A Melancholic Black Series (Book 1): The Red Door
Page 4
As Nell cleans the gore off of Amberly’s face, she notices something remarkable: she’s rejuvenating itself. The life force of another is, not necessarily healing her, but giving her strength and her beauty is returning. She is dead, though she looks more alive now than ever.
“See?” Nell asks, finishing wiping off the blood. “Such a beautiful young lady!”
The good times are over rather quickly, as Nell grunts with frustration and disgust as she drags Sion’s mangled cadaver down the hall. Tears of heartbreak and terror stream down her face. There is nothing left, save for roughly, 10 pounds of chestnut-colored skin; a pound of brain matter; 2 pounds of intestine (1.5 large and .5 small). Very thorough for a small girl. If there is any solace to find in Sion’s death, it is: he was delicious from head to toes.
Literally.
Amberly follows closely behind. Looking at Nell, then to Sion. Like a hungry, insatiable dog watching its owner pour Kibble in to his bowl.

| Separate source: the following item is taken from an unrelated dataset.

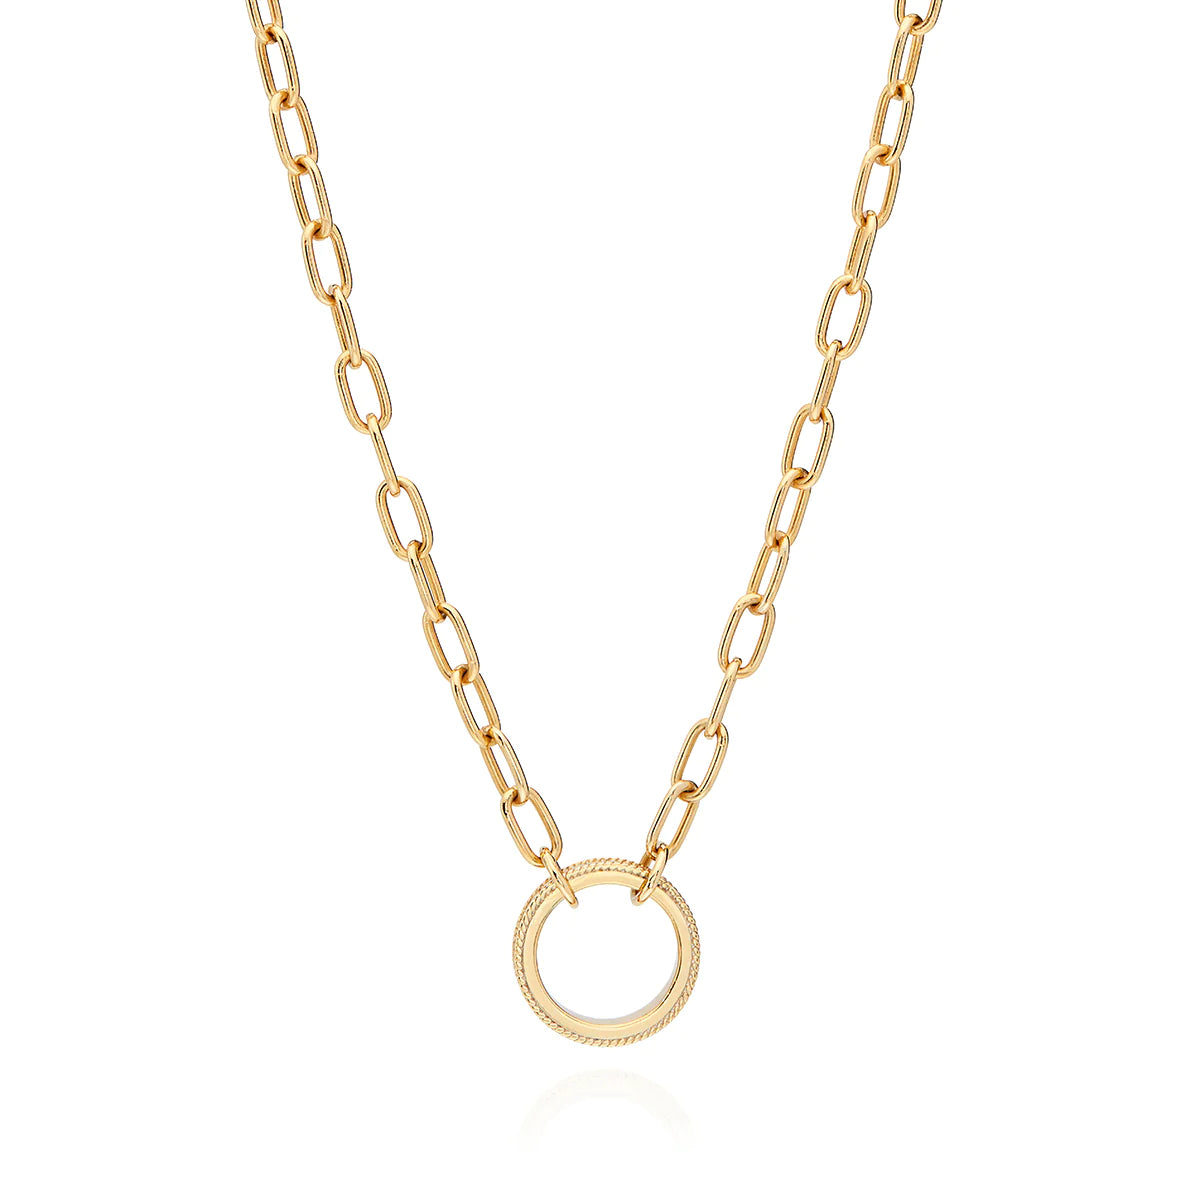 Gold Sterling silver plated necklace with elongated box chain and an open  circle charm

She doesn’t care so much that Nell is touching her food, more curious as to where she’s taking it.
“Best to keep this out of sight, sweetie,” Nell reaches the basement and opens the door, yanking in the corpse. It thuds as it tumbles down the stairs, smacking on the cold concrete floor below. Nell tiresomely descends down the stairs to retrieve the dead postman.
She drags him to his new spot in the corner, right next to the water drain. Better to have the blood filter away through the pipes than to dam the entire first floor.

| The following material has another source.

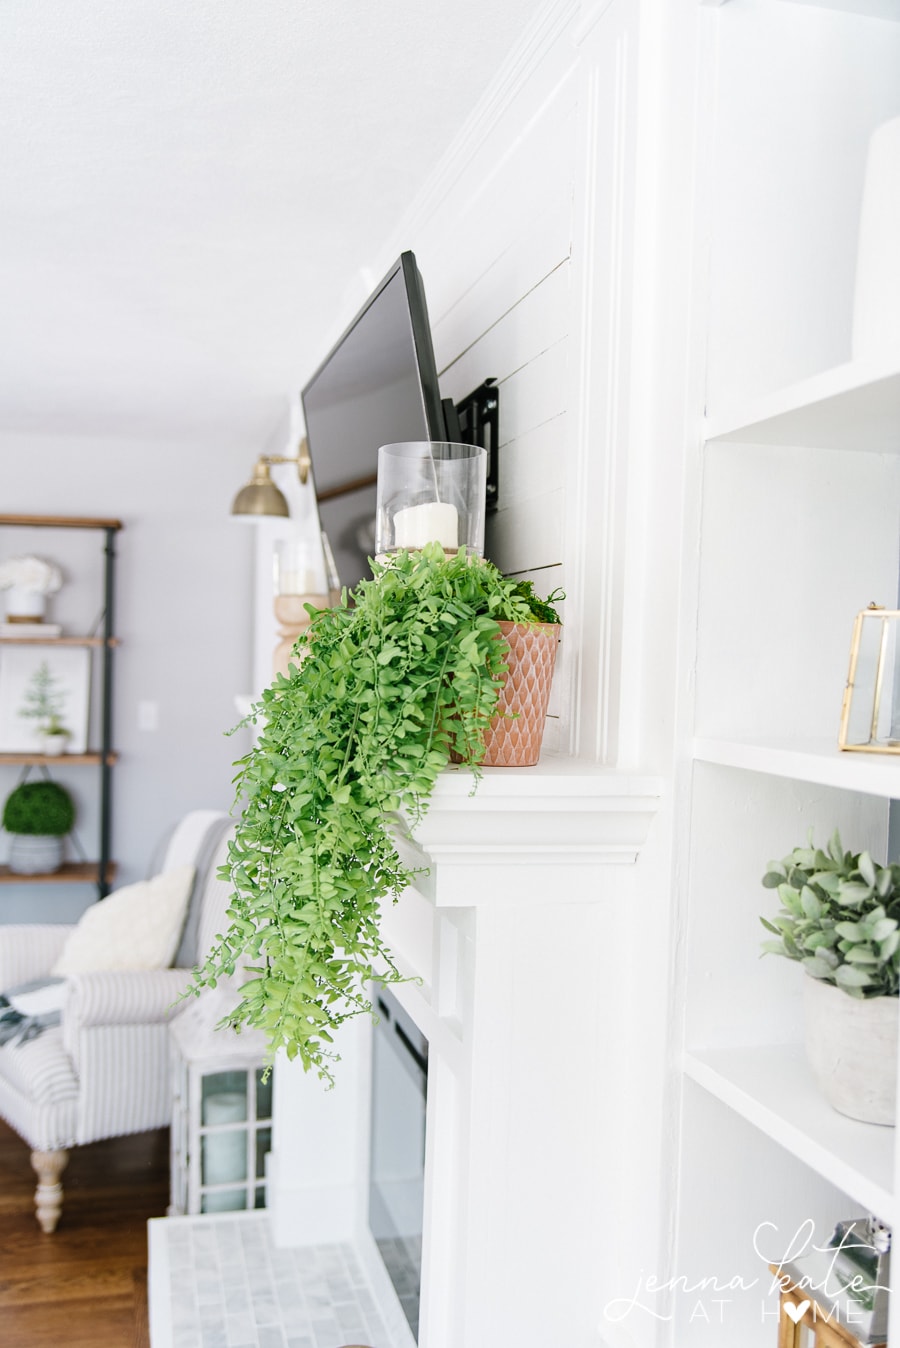 Place your faux trailing plant anywhere you'd like to add some fresh green color

Nell dumps the body as Amberly runs to it; amazingly still eating. She’s still hungry. On top of that, she gets to dine in the dark, with minimal to no disturbances, and for Nell, out of sight equals out of mind.
“You haven’t had enough?” Nell asks even though she could correctly guess the answer. Amberly is constantly hungry. To imagine the energy it takes to fuel the recently resurrected. Instant digestion in a body that is now built for doing nothing but killing and eating. She’s unearthly fast and inexplicably quiet. Even a normal child running around all day tends to eat a big meal.
Sion wasn’t a big man, but he was a grown adult. Even he cannot fill Amberly’s hunger for more than thirty minutes. What Amberly needs is a bigger food supply.
For Nell, an epiphany: taller… meatier men.
VIII
Later that day…
“Heaven help us,” begs a shocked Rodney as he stares at the blood covering his living room floor. He knows there is something wrong. He’s no idea who is at fault, but unlike Nell with her head in the clouds, his head is firmly still planted on his shoulders. Still based in reality and aware that there are going to be very serious consequences for whatever has happened.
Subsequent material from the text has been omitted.